**Task requirements**
Write out the data word for word and omit every picture.

**The data**
-*-
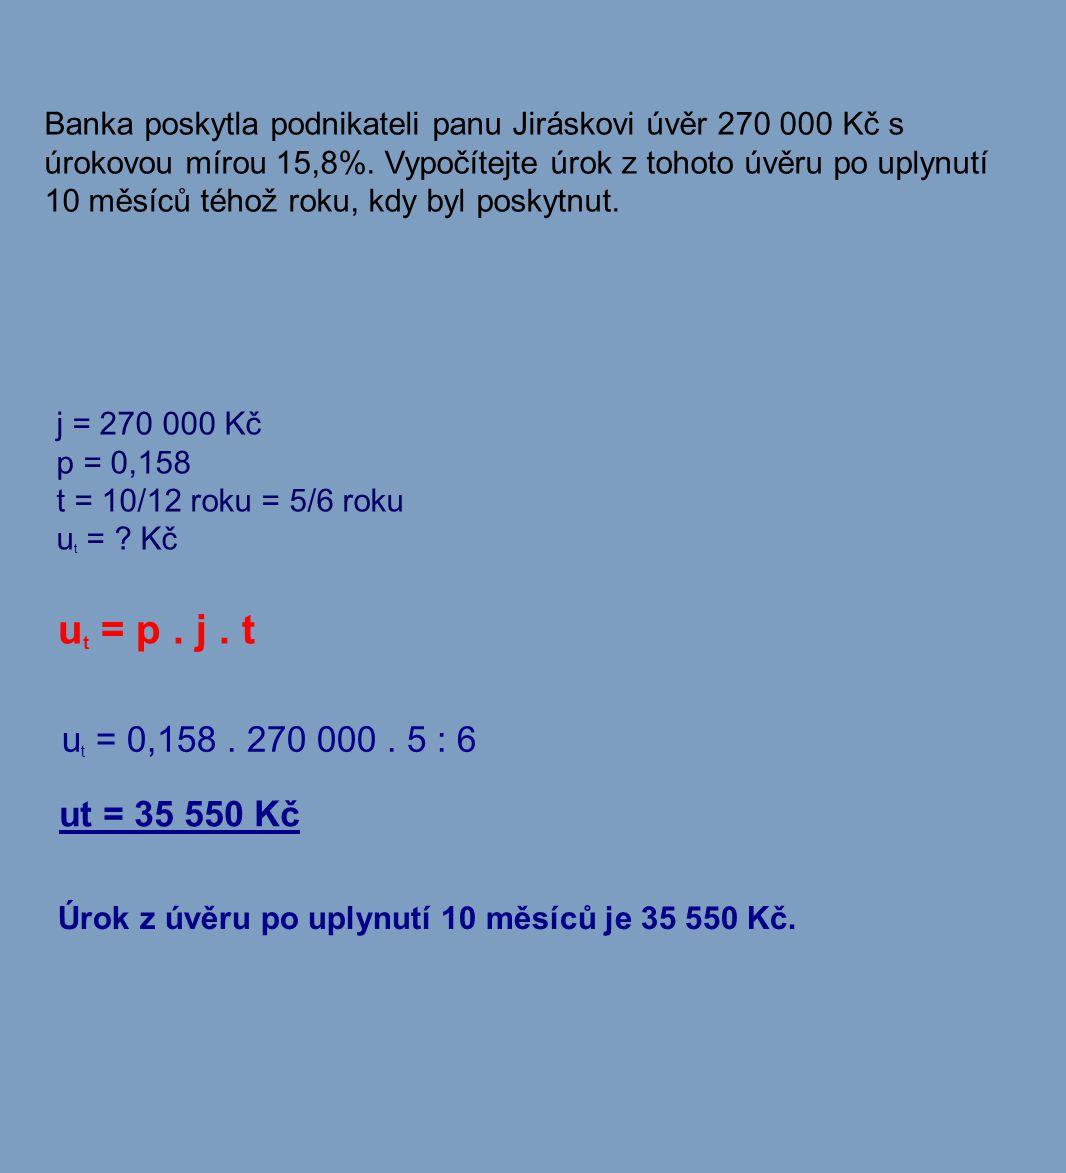 Banka poskytla podnikateli panu Jiráskovi úvěr 270 000 Kč s úrokovou mírou 15,8%. Vypočítejte úrok z tohoto úvěru po uplynutí 10 měsíců téhož roku, kdy byl poskytnut.
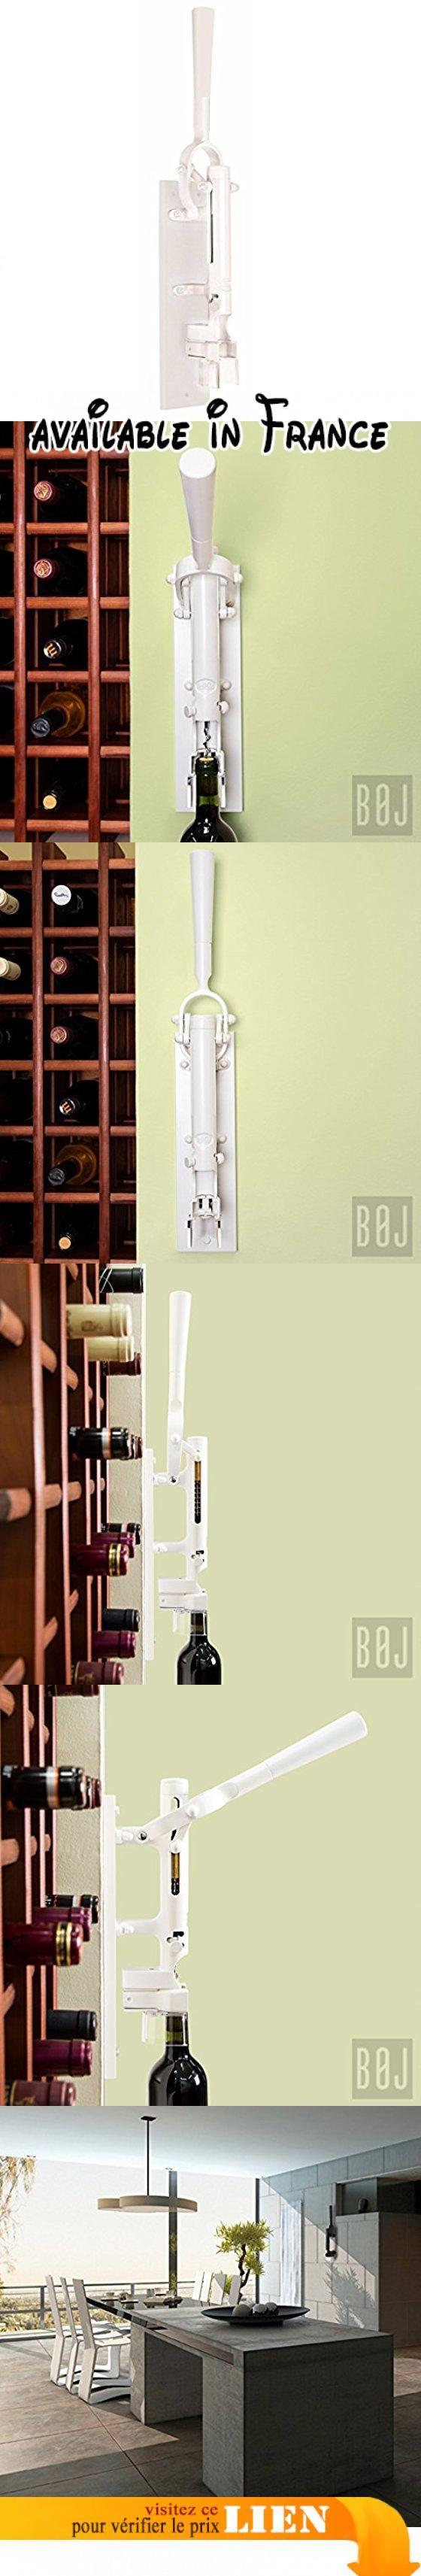 Tire-bouchon Professionnel Mural BOJ avec soporte (couleur bordeaux). FONCTIONNEMENT: Le levier de déclenchement mesure 30 centimètres dans le but de maximiser la puissance d'extraction. La hauteur totale du tire-bouchon est de 55 centimètres. Pour lancer le processus il faut placer la bouteille de vin sur le support inférieur. Il n'est pas nécessaire de la soutenir avec la main lors du processus d'extraction du bouchon. Le tire-bouchon mural est conçu et construit
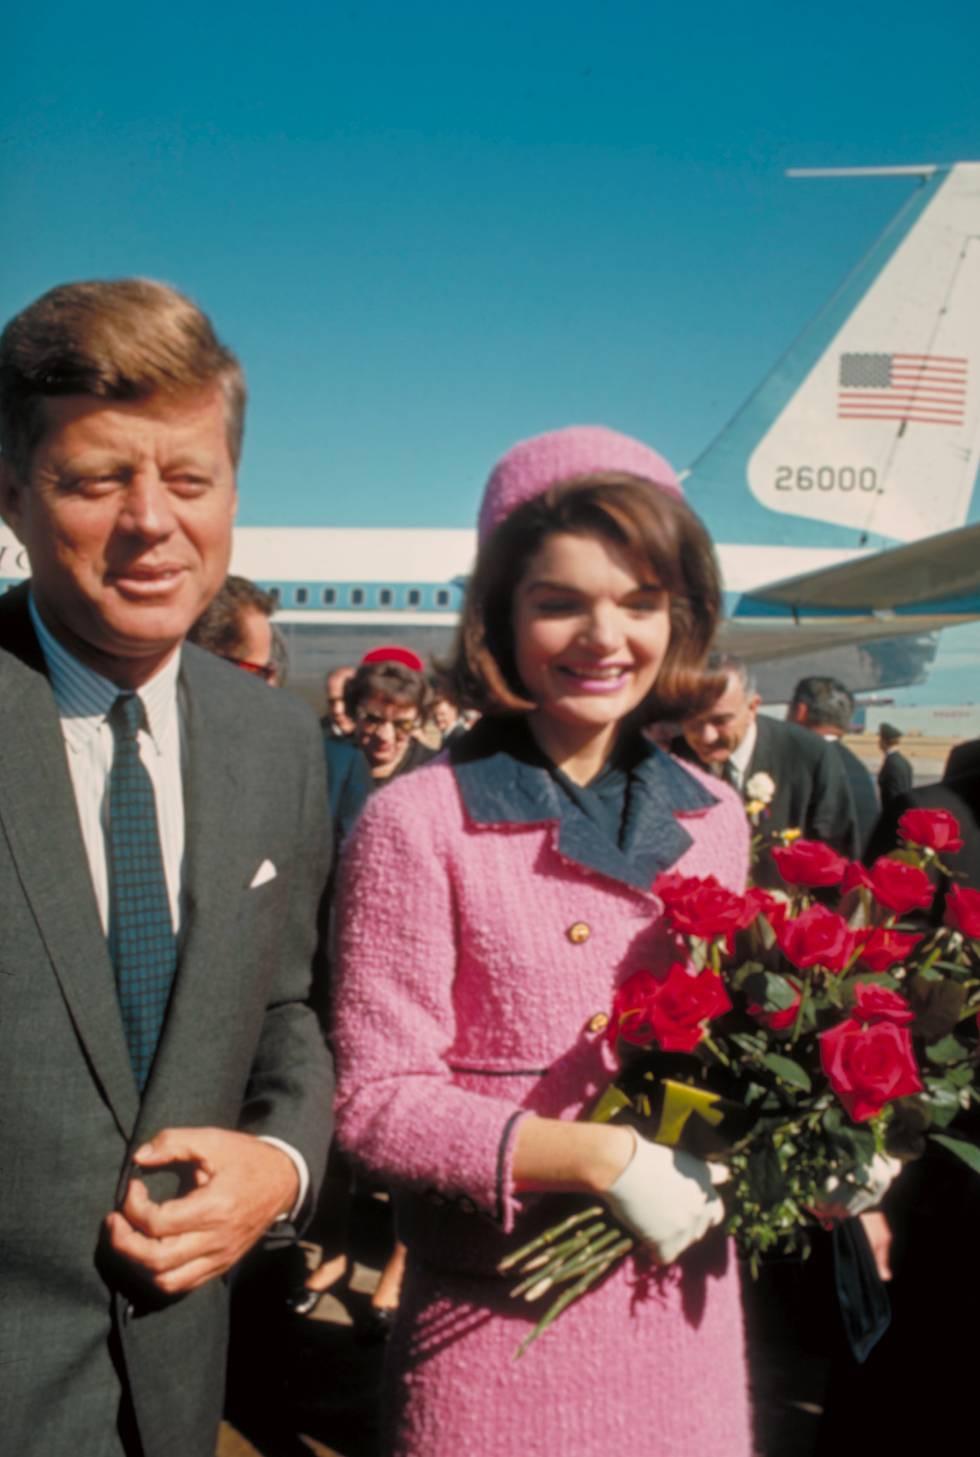 ¿El matrimonio perfecto? Años después de su muerte se desvelaron las continuas infidelidades de John Fitzgerald Kennedy a su esposa, Jackie Kennedy. En la imagen los dos llegan al aeropuerto de Dallas justo el día en que él murió tiroteado en 1963.
-*-
**Reply**
 Banka poskytla podnikateli panu Jiráskovi úvěr 270 000 Kč s úrokovou mírou 15,8%. Vypočítejte úrok z tohoto úvěru po uplynutí 10 měsíců téhož roku, kdy byl poskytnut.
 Tire-bouchon Professionnel Mural BOJ avec soporte (couleur bordeaux). FONCTIONNEMENT: Le levier de déclenchement mesure 30 centimètres dans le but de maximiser la puissance d'extraction. La hauteur totale du tire-bouchon est de 55 centimètres. Pour lancer le processus il faut placer la bouteille de vin sur le support inférieur. Il n'est pas nécessaire de la soutenir avec la main lors du processus d'extraction du bouchon. Le tire-bouchon mural est conçu et construit
 ¿El matrimonio perfecto? Años después de su muerte se desvelaron las continuas infidelidades de John Fitzgerald Kennedy a su esposa, Jackie Kennedy. En la imagen los dos llegan al aeropuerto de Dallas justo el día en que él murió tiroteado en 1963.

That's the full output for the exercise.